Temporal Difference waits for only one interaction (one step) \(S_{t+1}\)​ to form a TD target and update \(V(S_t)\) using \(R_{t+1}\) and \(\gamma∗V(S_{t+1})\).

The idea with TD is to update the \(V(S_t)\) at each step.

But because we didn’t experience an entire episode, we don’t have \(Gt\)​ (expected return). Instead, we estimate \(G_t\) by adding \(R_{t+1}\)​ and the discounted value of the next state.
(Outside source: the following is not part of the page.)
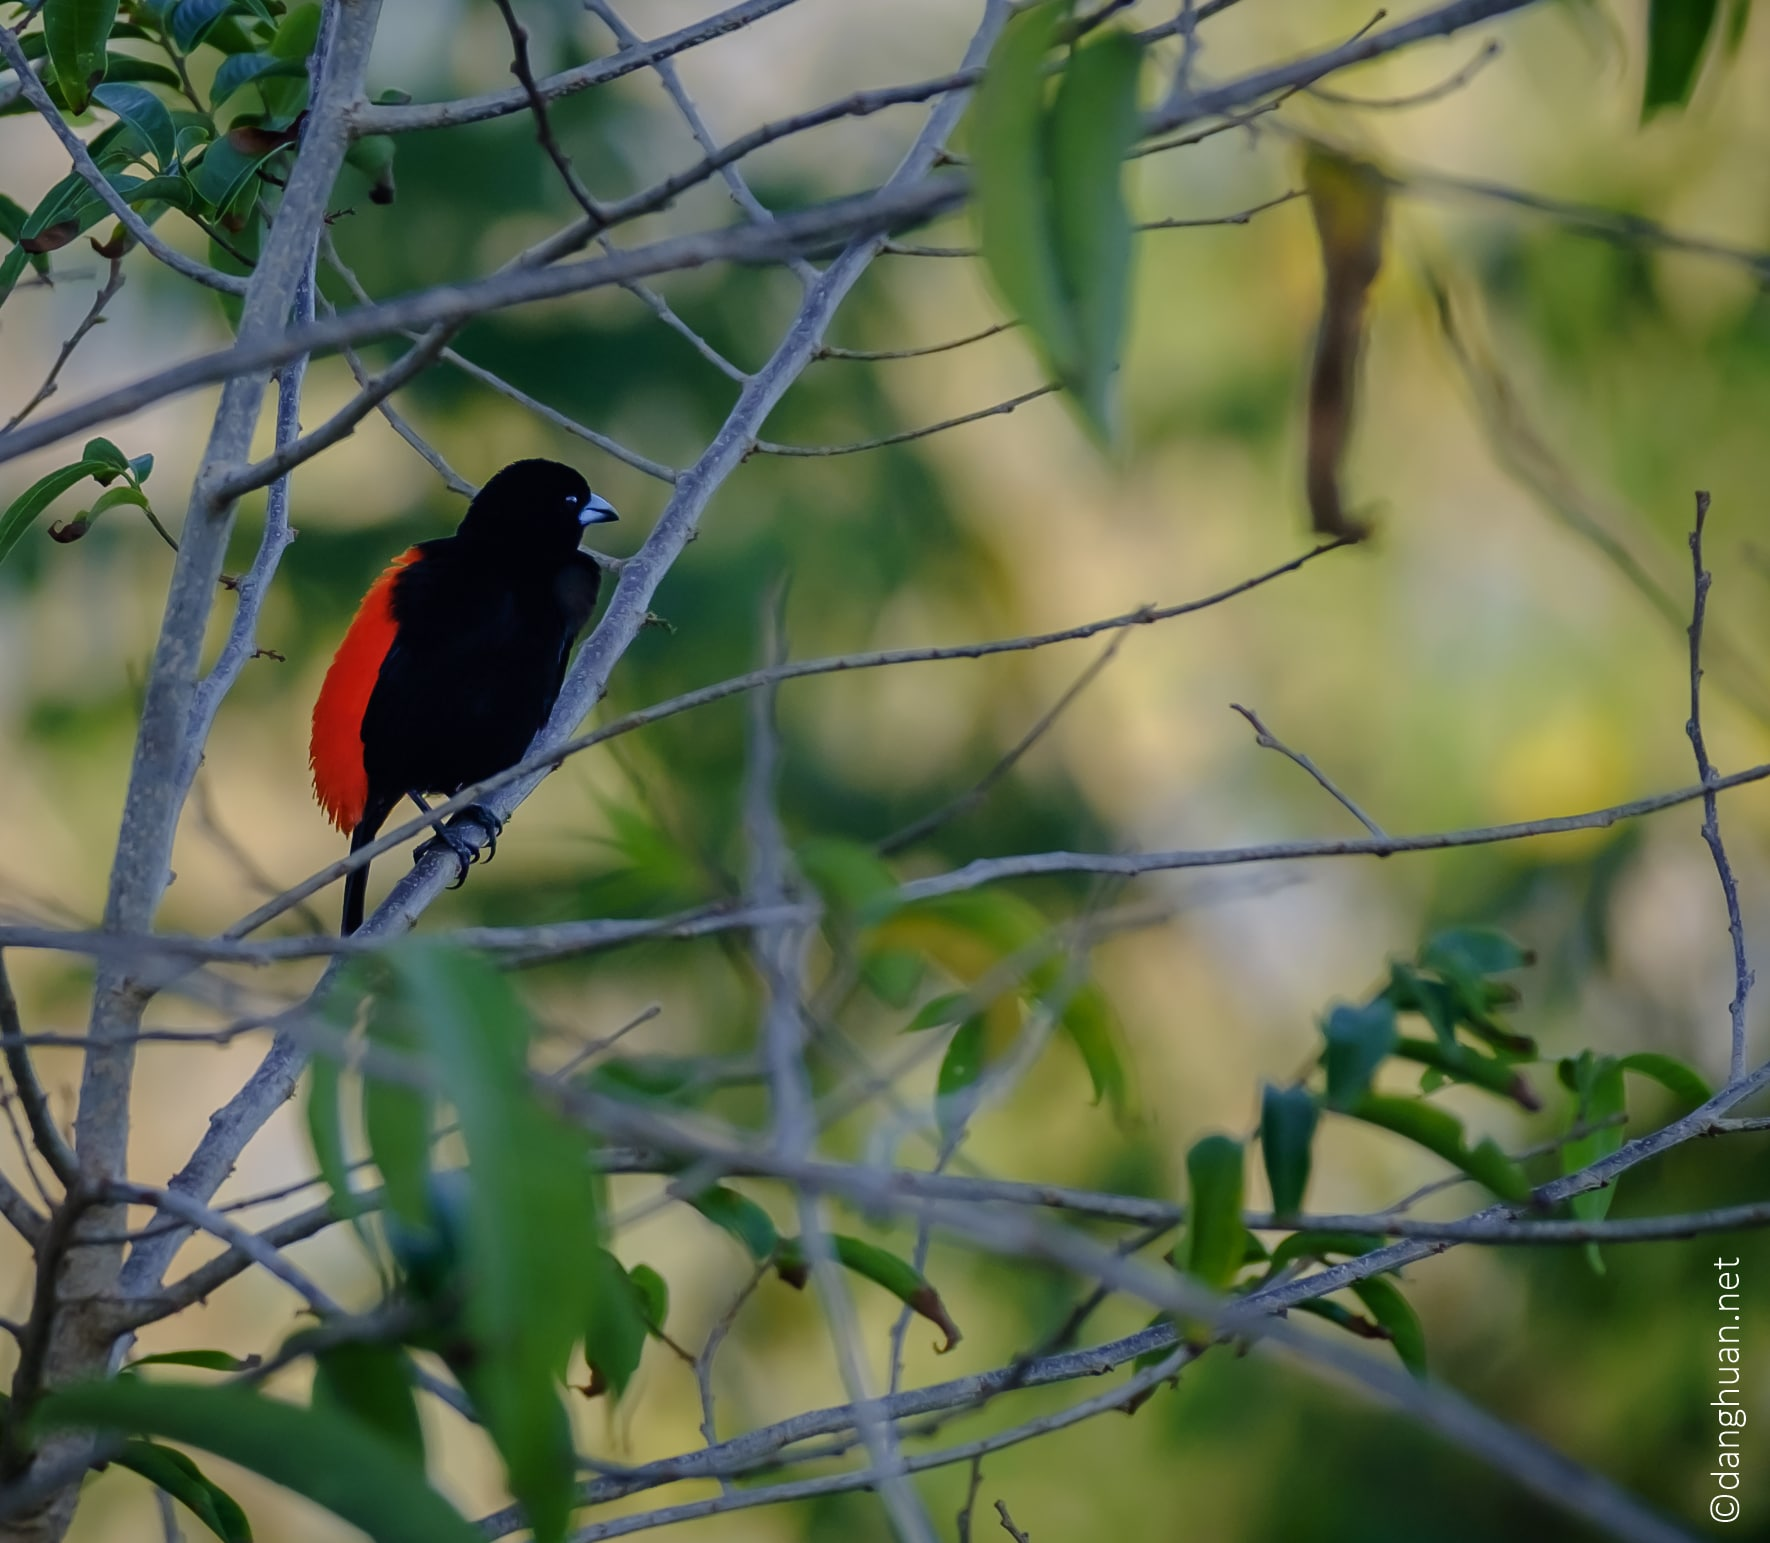 Tangara ou cherrie's tanager, une espèce de passereau appartenant à la famille des Thraupidae

This is called bootstrapping. It’s called this because TD bases its update part on an existing estimate \(V(S_{t+1})\) and not a complete sample \(G_t\)​. TD approach

Example


TD example

  • We just started to train our value function, so it returns 0 value for each state.
  • Our learning rate (lr) is 0.1, and our discount rate is 1 (no discount).
  • Our mouse explore the environment and take a random action: going to the left
  • It gets a reward \(R_{t+1}=1\) since it eats a piece of cheese
  • We can now update \(V(S_0)\):
  • New \(V(S_0)=V(S_0)+lr∗(R_1+\gamma∗V(S_1)−V(S_0))=0+0.1∗(1+1∗0–0)=0.1\)
  • So we just updated our value function for State 0. Now we continue to interact with this environment with our updated value function.